Attention Mechanism in Seq2Seq and BiDAF – An Illustrated Guide

Read original article here

This article is the third in a series of four articles that aim to illustrate the working of Bi-Directional Attention Flow (BiDAF), a...

This article is the third in a series of four articles that aim to illustrate the working of Bi-Directional Attention Flow (BiDAF), a popular machine learning model for question and answering (Q&A). To recap, BiDAF is a closed-domain, extractive Q&A model. This means that to be able to answer a Query, BiDAF needs to consult the accompanying text that contains the information needed to answer the Query. This accompanying text is called the Context. BiDAF works by extracting a substring of the Context that best answers the query — this is what what we refer to as the Answer to the Query.
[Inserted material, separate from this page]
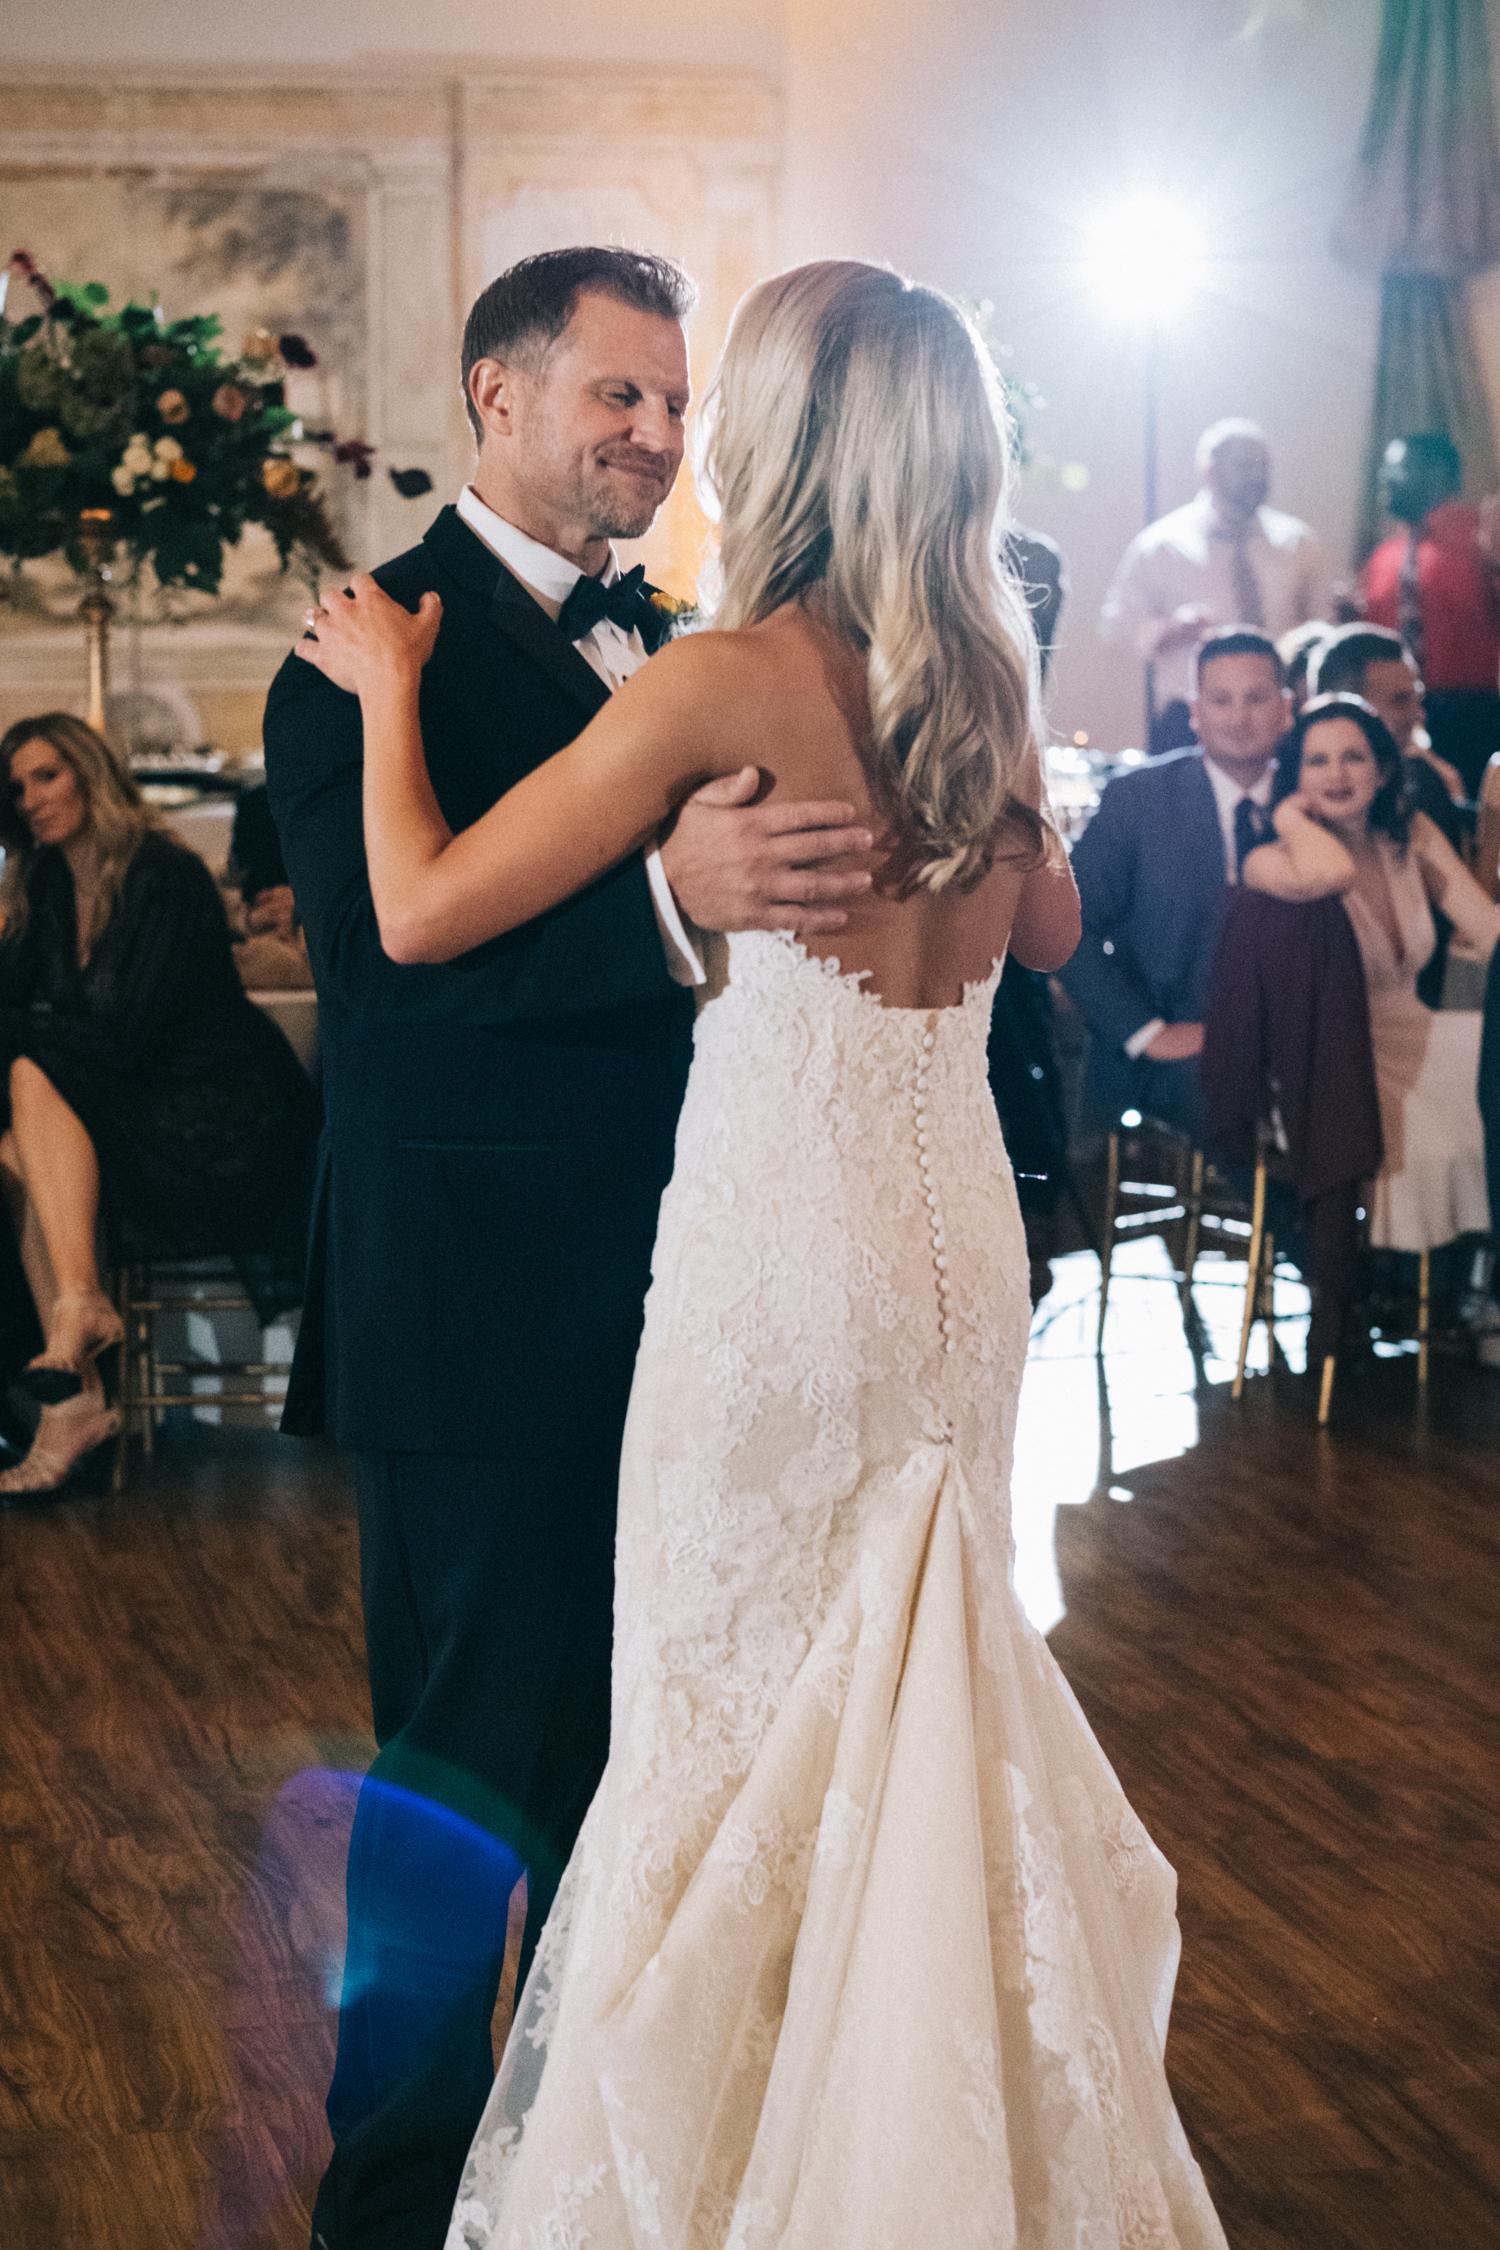 potomac point winery wedding-62.jpg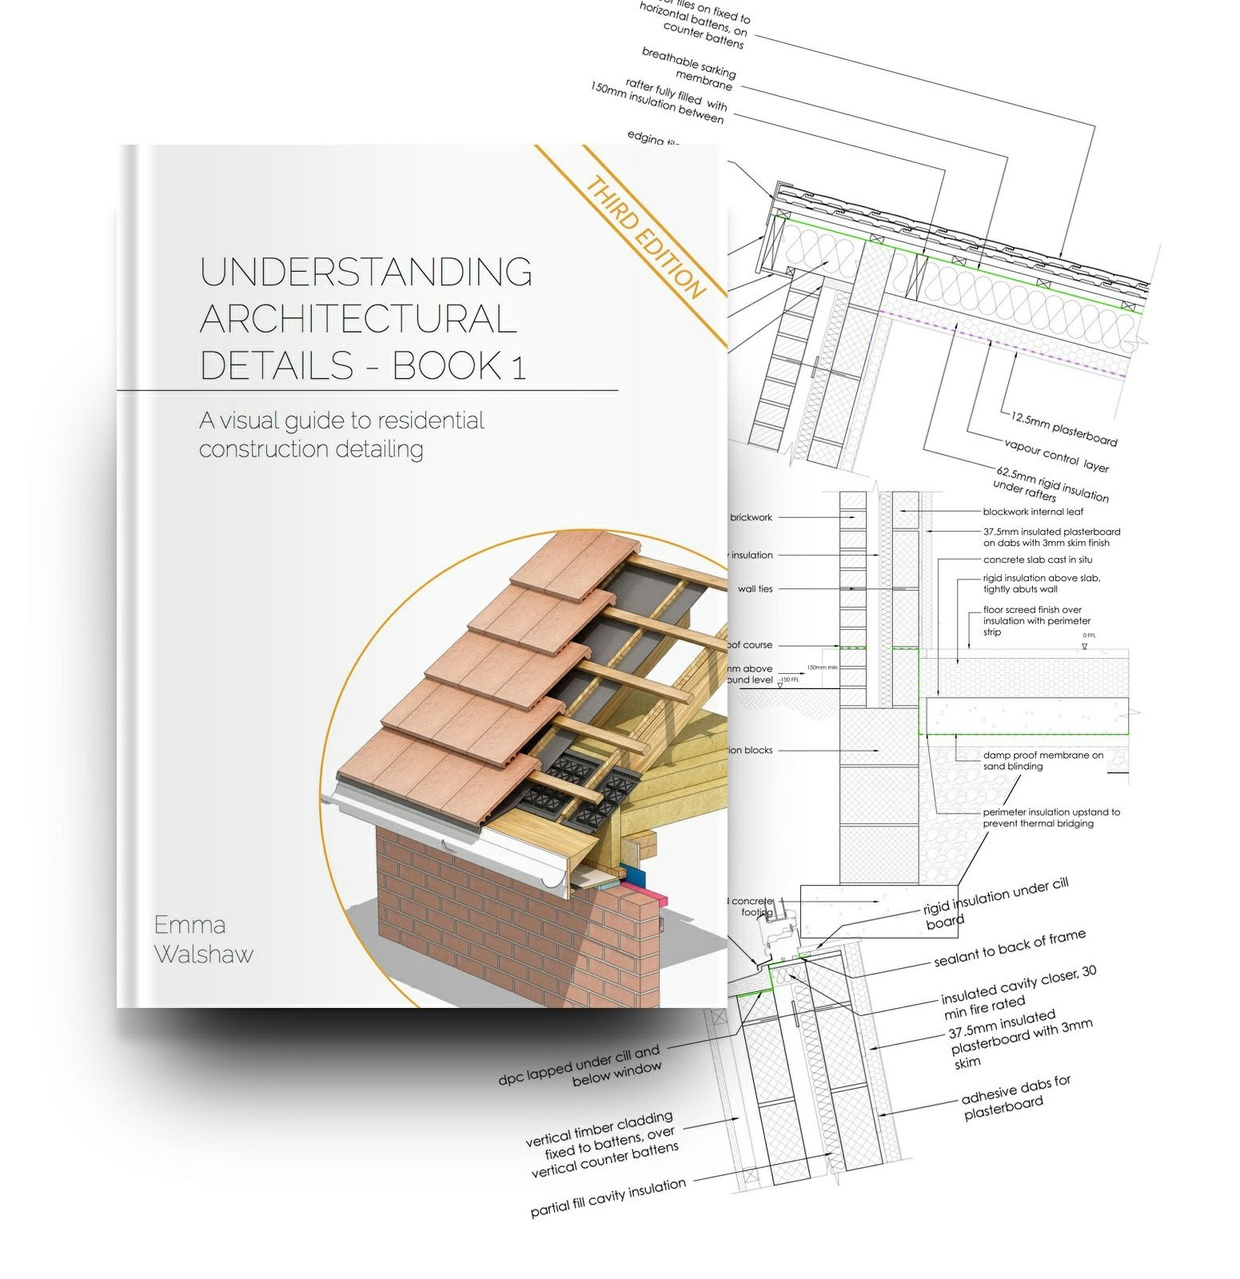 Understanding Architectural Details (3rd Edition) - Bundle 2

I intentionally capitalize the words Query, Context, and Answer to signal that I am using them in their specialized technical capacities. An example of Context, Query, and Answer. Notice how the Answer can be found verbatim in the Context. In the first article in the series, I presented a high-level overview of BiDAF. In the second article, I talked about how BiDAF uses 3 embedding layers to get vector representations of the Context and the Query. The final outputs of these embedding steps are two matrices — H (which represent words in the Context) and U (which represents words in the Query). H and U are the inputs of the attention layers, whose function is to combine their informational content. These attention layers are the core component in BiDAF that differentiates it from earlier models and enables it to score highly in the SQuAD leaderboard. The workings of the attention layers will be the focus of this article. Let’s dive in!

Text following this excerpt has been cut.